Collaboration Among Workers was one of the group projects pursued at the CMO-BIRS 2016 WORKSHOP ON MODELS AND ALGORITHMS FOR CROWDS AND NETWORKS.

Designing More Informative Reputation Systems

by Yiling Chen, Jason Hartline, Yang Liu, Bo Waggoner & Dan Weld

The role of reputation systems in online markets, such as those for crowdwork, is to transform a single-shot game between individual requester and workers into a repeated game between the population of requesters and population of sellers. In the single-shot game cooperation can break down, e.g. workers may provide only low quality service, but in the repeated game cooperation can be sustained, and workers are incented to do high quality work (cf. Kandori, 1992).  Reputation systems will fail, however, if the the marginal cost to a requester for providing an informative review of a worker is greater than the marginal benefit of more accurate future ratings.1
  The main driver of this inequality is the free-rider problem: requesters benefit from the public good (i.e. worker reputation) created by the reputation system even if they do not contribute to it.  

In this blog post we describe two main ideas for making reputation systems more effective.  First, to increase the marginal benefit of providing an accurate rating we suggest changing reputation from a public good to a private good by casting it as an individualized (to each requester) recommendation.  For example, a requester who gives all workers a top rating is reporting no preference and can be recommended any worker; while a requester with more informative reports will be assigned workers that the system predicts will be preferred by this requester.  Second, to decrease the marginal cost of providing uninformative reviews, we suggest linking decisions between a requester’s review of several workers (i.e., ranking the workers relative to each other instead of scoring them absolutely).   

The rest of this blog post is organized as follows.  In the first section we will discuss some of the reasons that marginal cost of informative reviews may outweigh their marginal benefit.  In the second section we describe how revisioning the reputation system as a recommender system. In the third section we describe how linking decisions can make it easier for requesters to give informative reports.

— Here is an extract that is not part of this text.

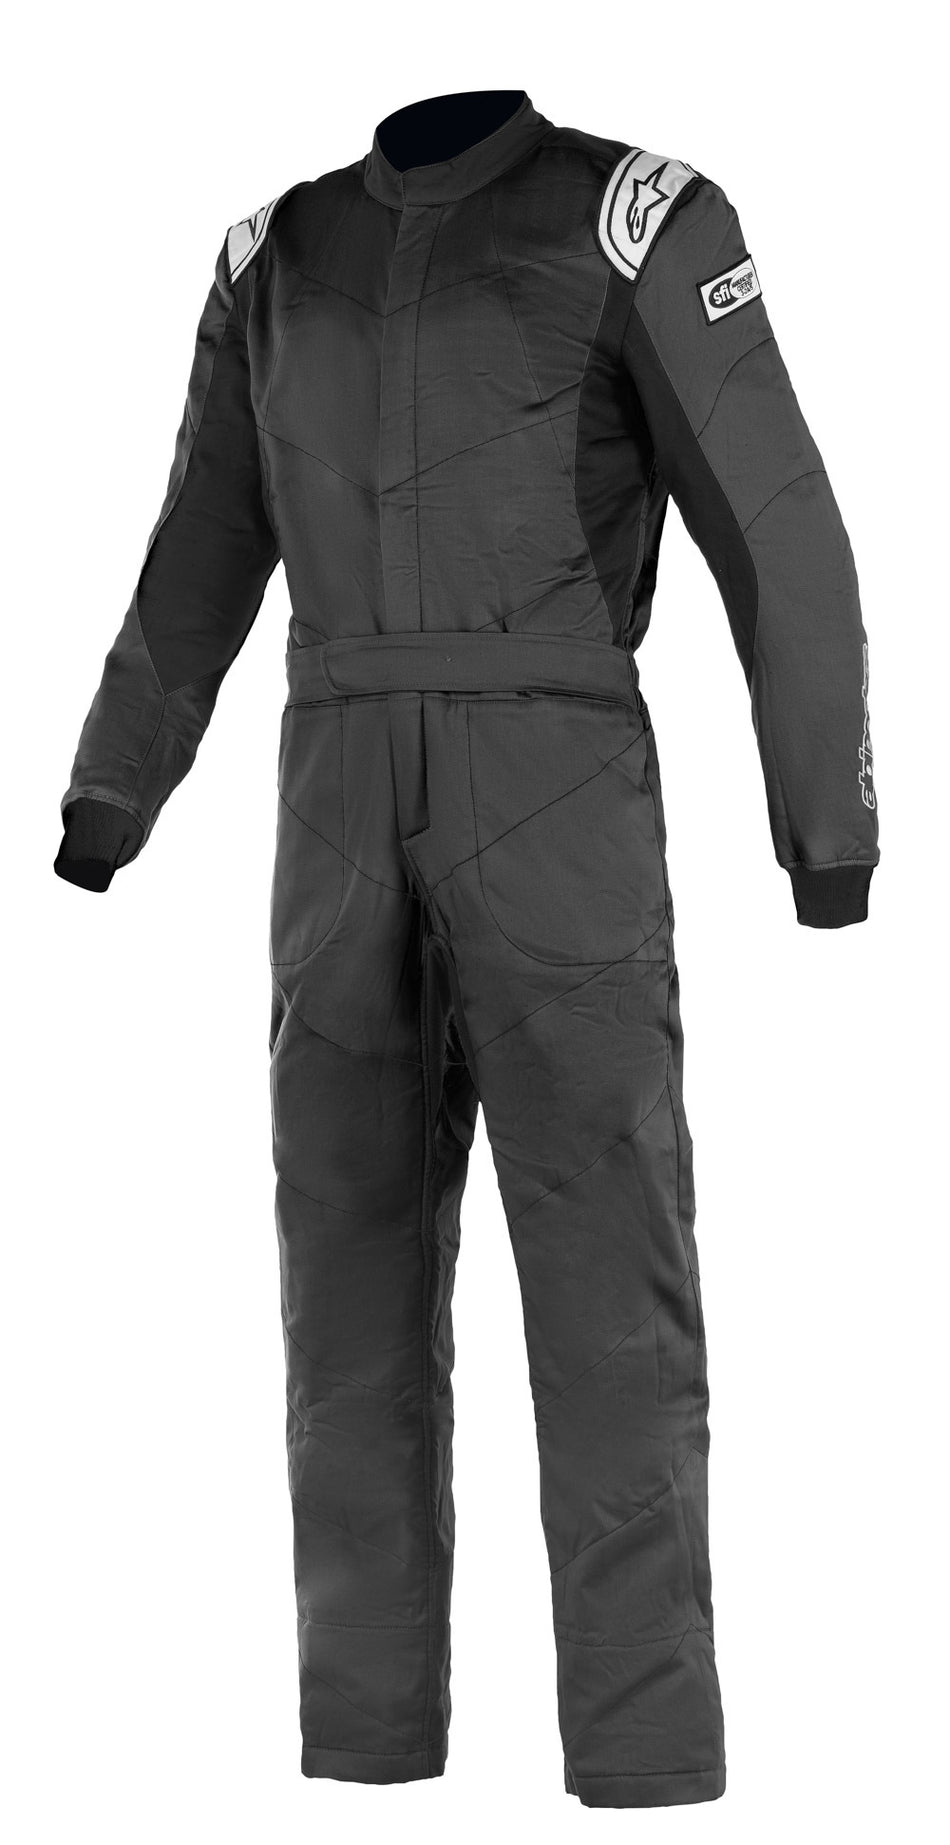 Driving Suit - Knoxville V2 - 1-Piece - SFI 3.2A/5 - Boot-Cut - Triple Layer - Fire Retardant Fabric - Black - Size 46 - X-Small / Small - Each

1. Costs and Benefits of Reputation systems.

We believe that ratings are inaccurate because the marginal cost to a requester for providing an informative review is greater than the marginal benefit of more accurate future ratings. There are several costs associated with submitting a review, especially an accurate assessment of a poor worker.

  • It takes time to enter a review.
  • A review incurs the risk of being embroiled in a dispute
  • A negative review may give the requester the reputation of being a ‘harsh grader’ and cause other skilled workers to avoid the requester for fear of damaging their reputation.
  • There may be off-platform consequences, such as unfavorable posts on Turkopticon.

By lowering these costs, as we discuss below, an improved reputation system could increase the accuracy of reviews.  There are also several reasons why the marginal benefit of a review is low:

  • Requester feedbacks are often aggregated into reputations and a single assessment will likely not visibly affect the worker’s rating.  
  • Even if a single assessment did change the worker’s score, the change provides no new information to the requester, who already knows how this worker performed. (If the rating affected the scores of other workers, however, by personalizing these ratings, then there would be marginal benefit. (Such personalized ratings may be thought of as a private good).

There are several ways to decrease the cost of providing truthful reviews:

  • One can reduce the chance of disputes by making reviews anonymous and only showing a worker their average score. This approach is taken by Uber (and others) who only show drivers their average rating for the most recent 500 trips.
  • One way to shrink or eliminate the marginal cost of the time to submit a review is to provide a simple UI which is fast while simultaneously making the process of avoiding the review task cumbersome. This approach, and Amazon’s repeated nagging requests for reviews may alienate users, however.  
  • Alternatively, in lieu of an explicit review, it may be possible to observe other actions performed by the requester and use that to reveal his or her preferences. For example, one could detect if the requester chooses to subsequently hire the worker, which is presumably a very strong signal that previous interactions were positive.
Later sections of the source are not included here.